**What to produce**
Repeat only what runs from the line with "Mafia. Mafia wallpaper, Tommy angelo, Mafia" through the last line of the data below, both included, keeping every word as it is and leaving out the pictures.

**Data excerpt**

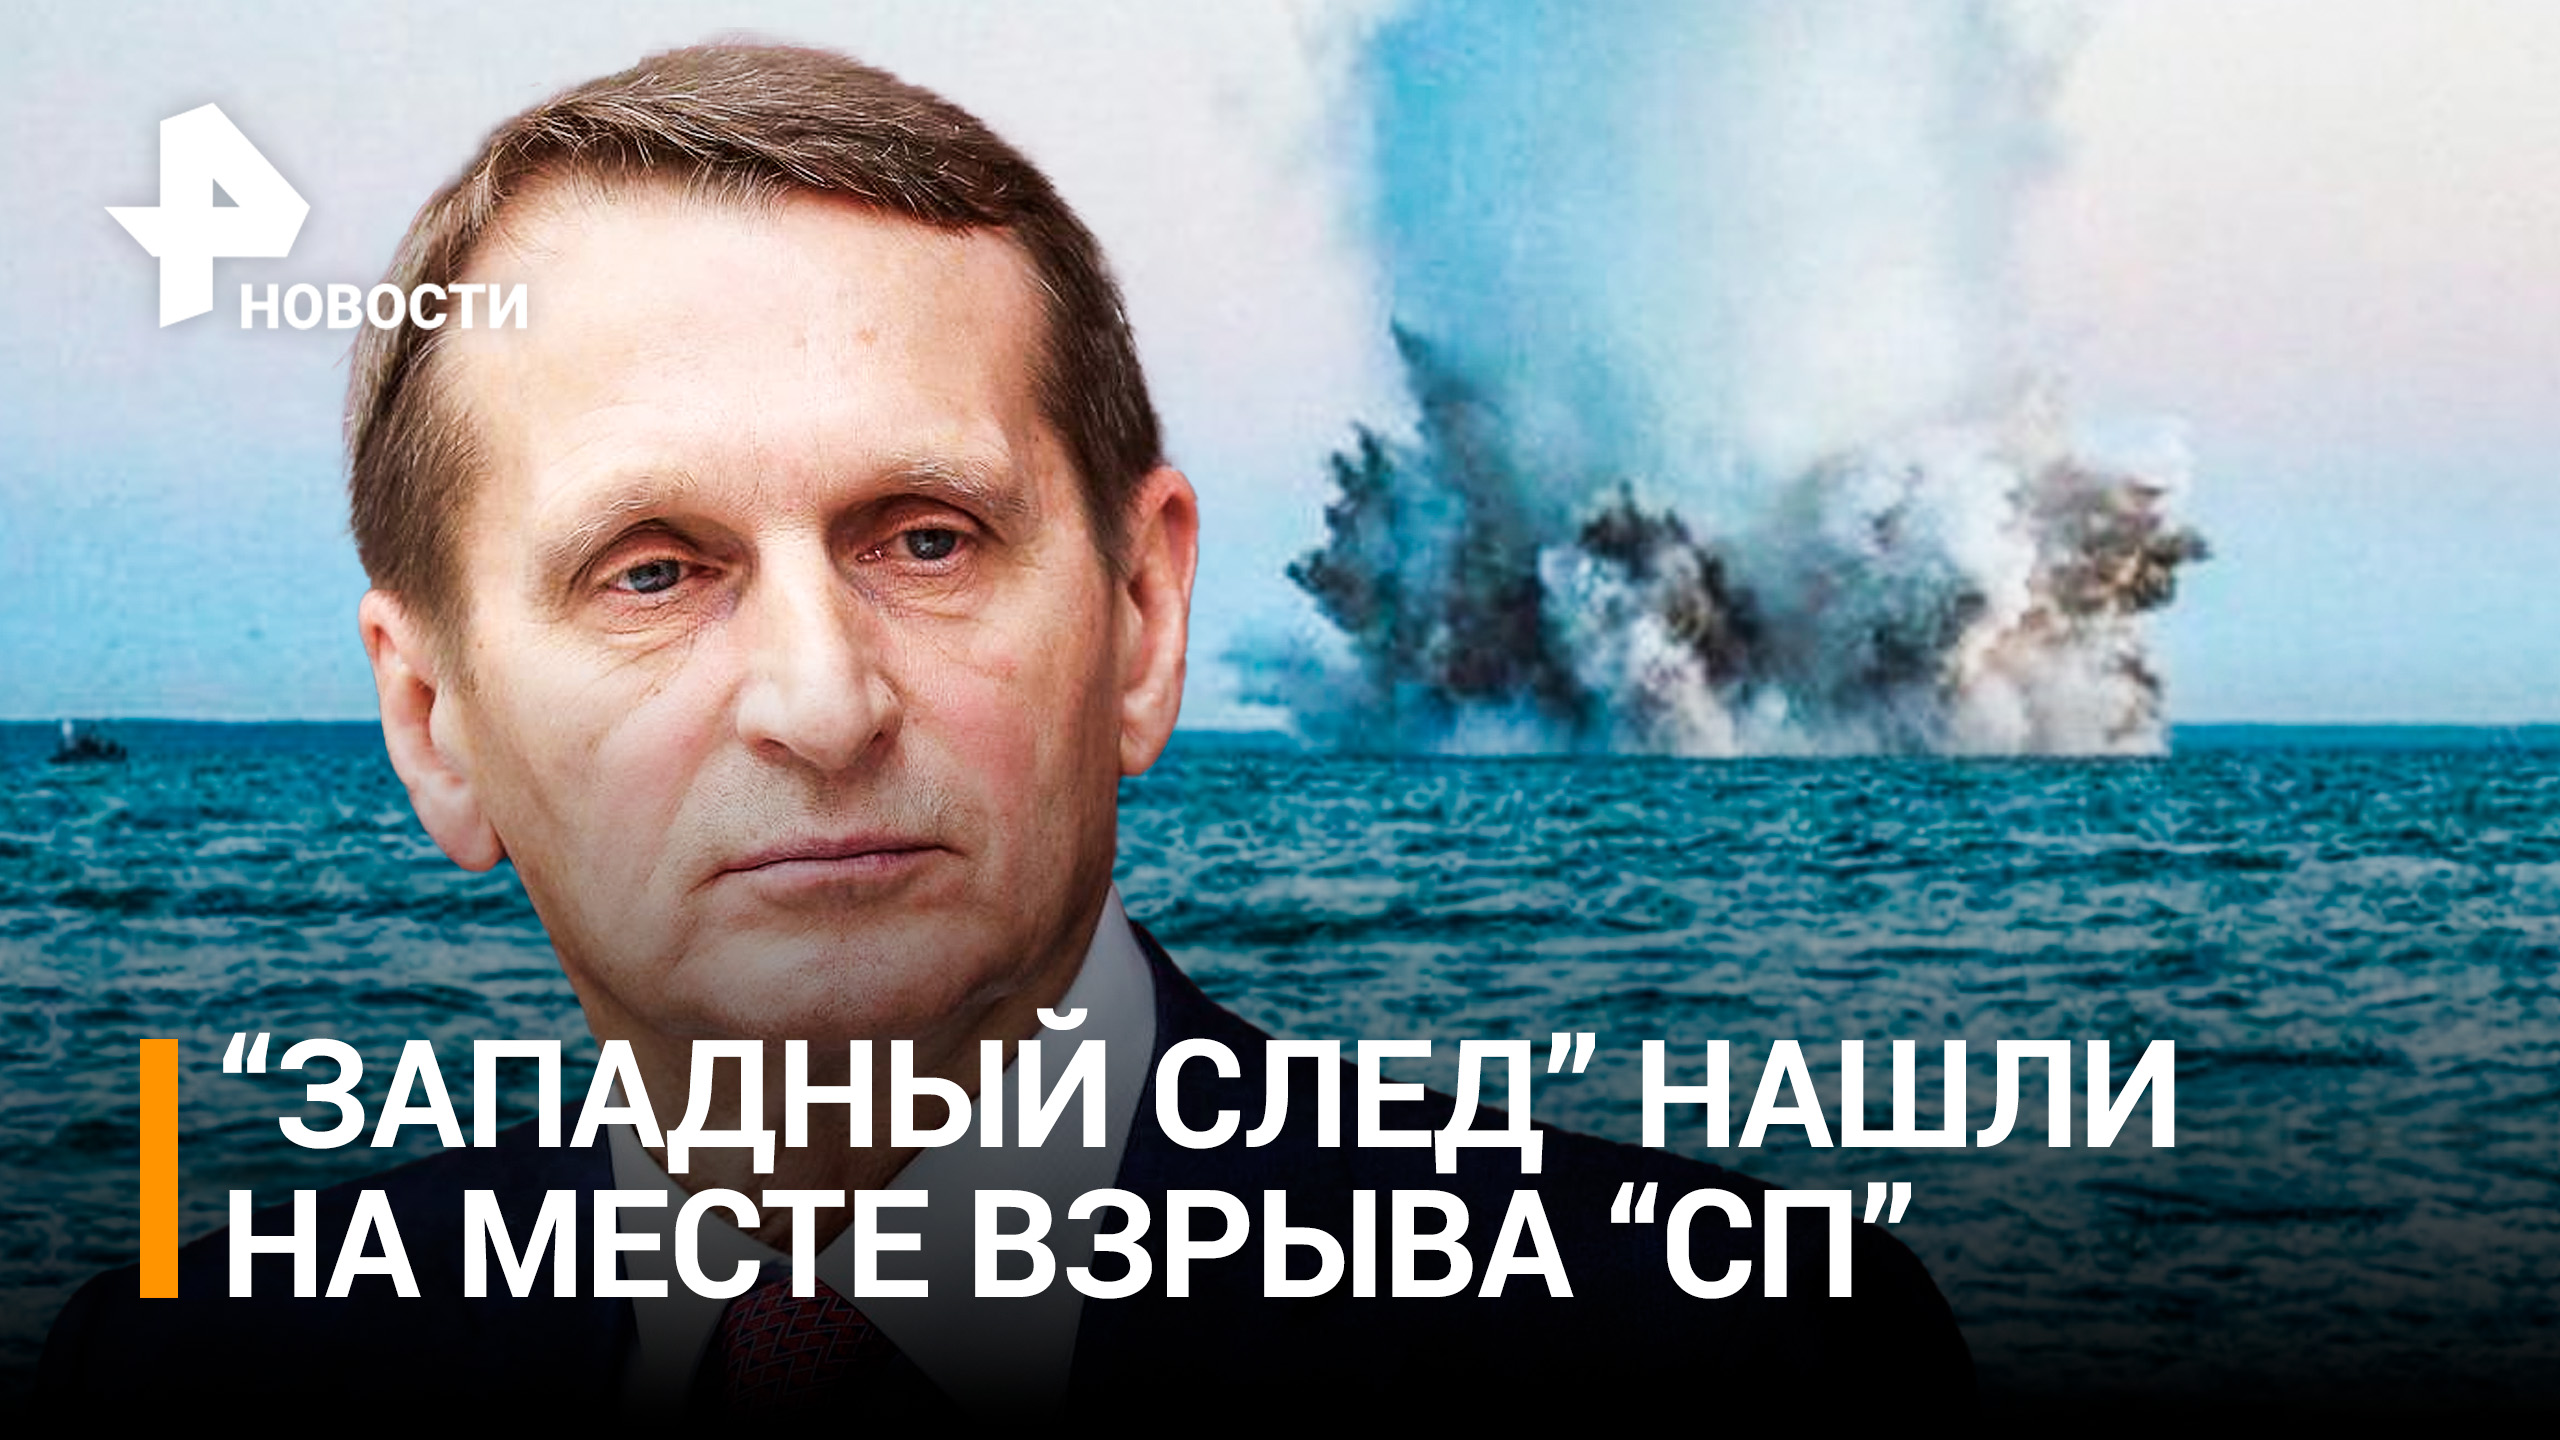 Нарышкин заявил о "западном следе" в диверсии на "Северных потоках" / РЕН Новости
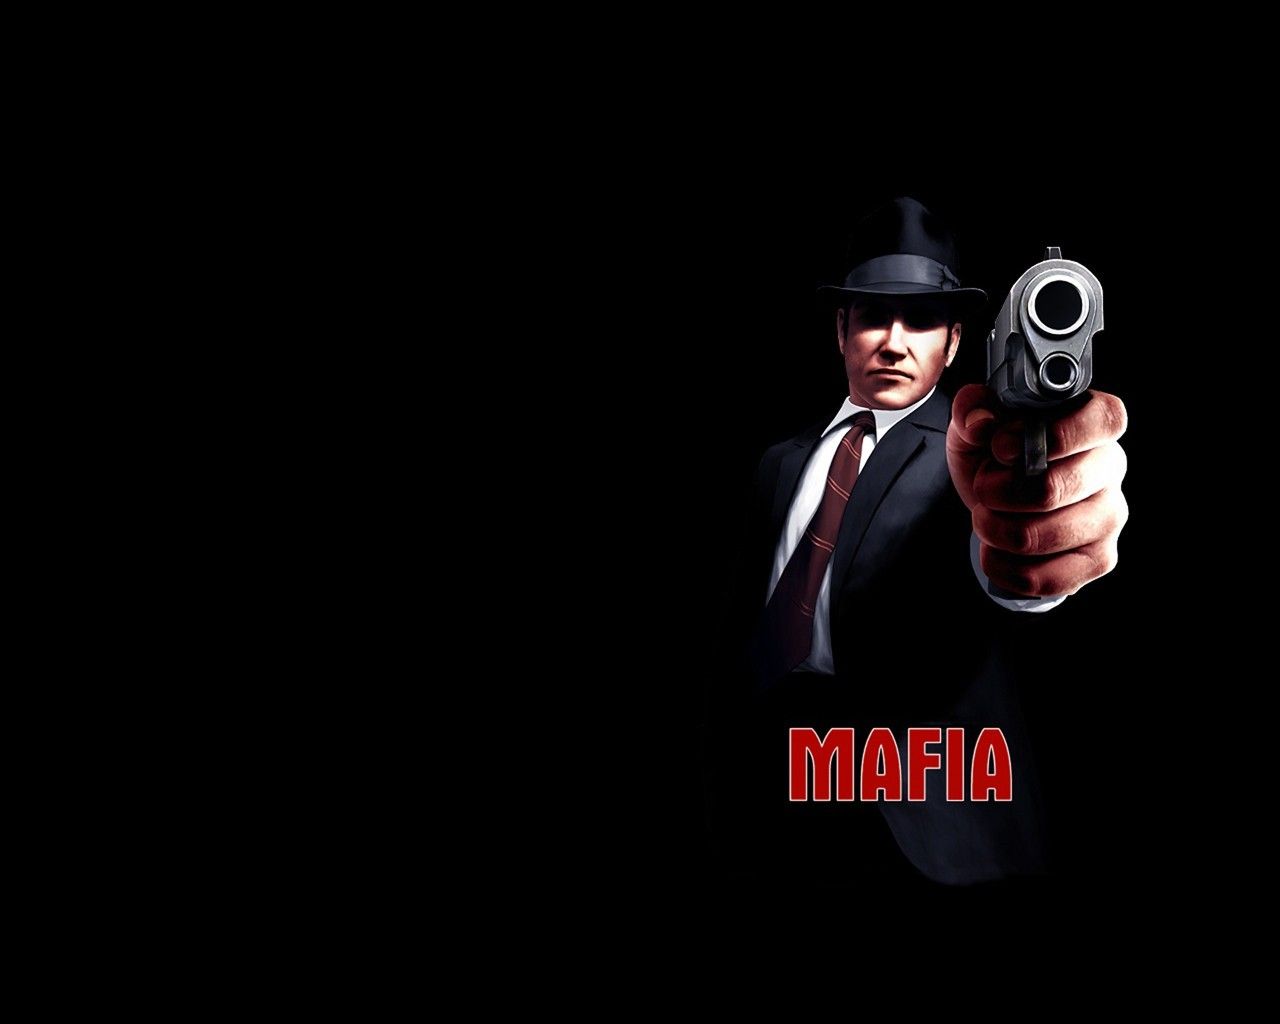 Mafia. Mafia wallpaper, Tommy angelo, Mafia
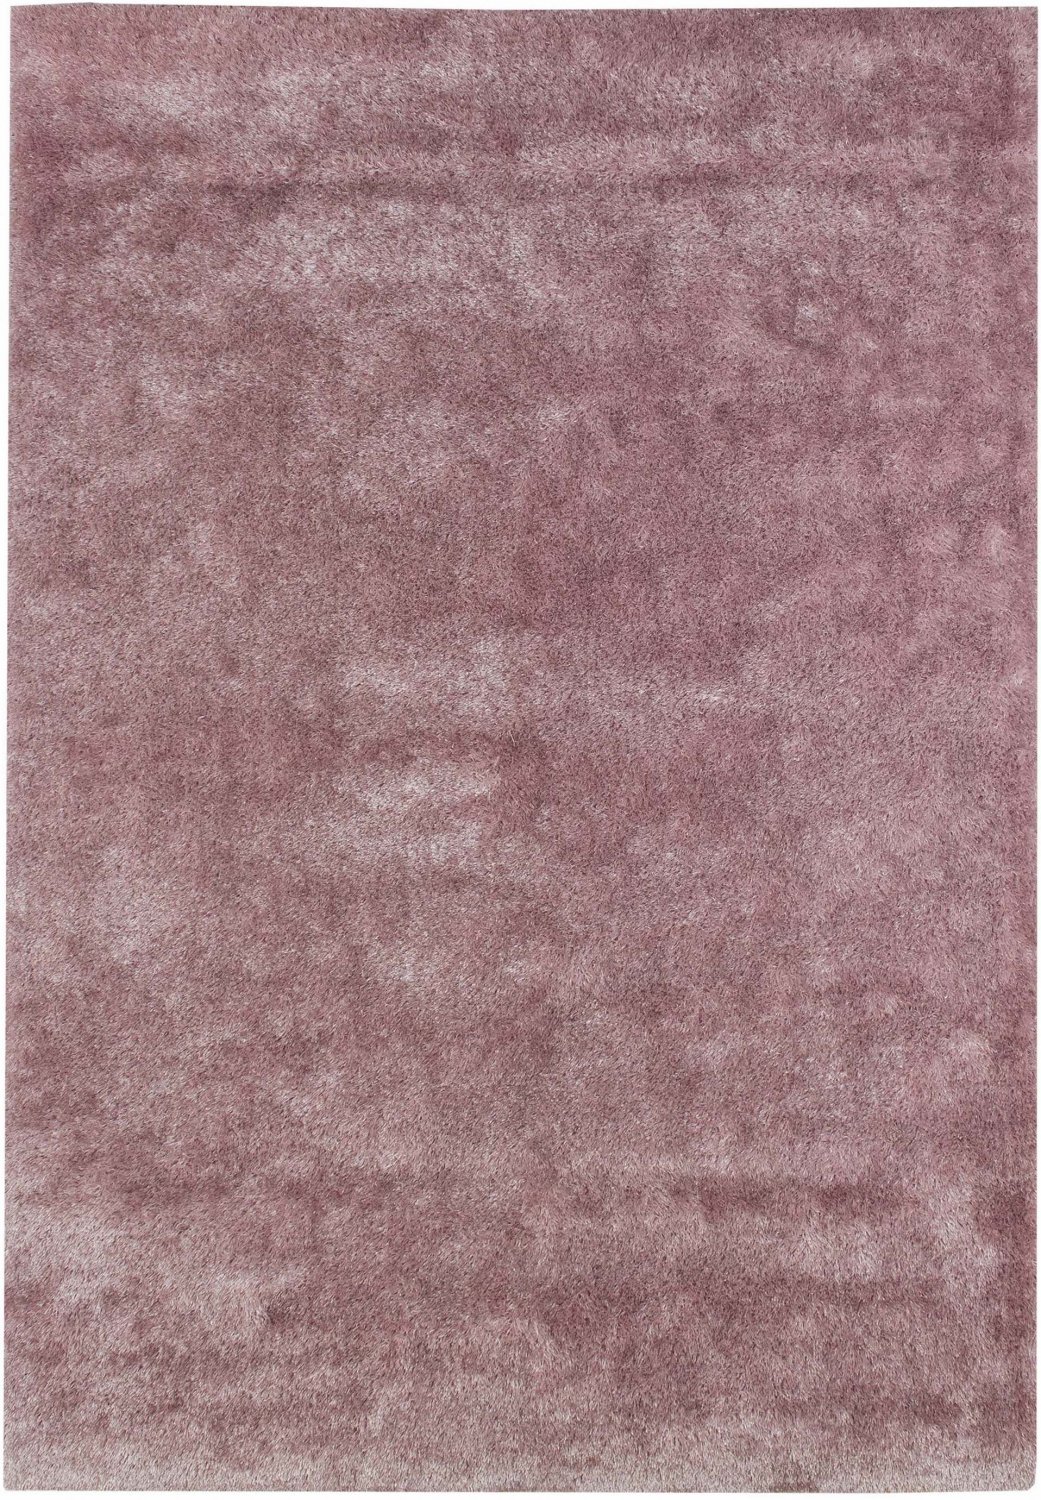 Cosy hochflorteppich rosa shaggy teppich rund hochflor wohnzimmer 60x120 cm 80x 150 cm 140x200 cm 160x230 cm 200x300 cm

**Response area**
 Mafia. Mafia wallpaper, Tommy angelo, Mafia
 Cosy hochflorteppich rosa shaggy teppich rund hochflor wohnzimmer 60x120 cm 80x 150 cm 140x200 cm 160x230 cm 200x300 cm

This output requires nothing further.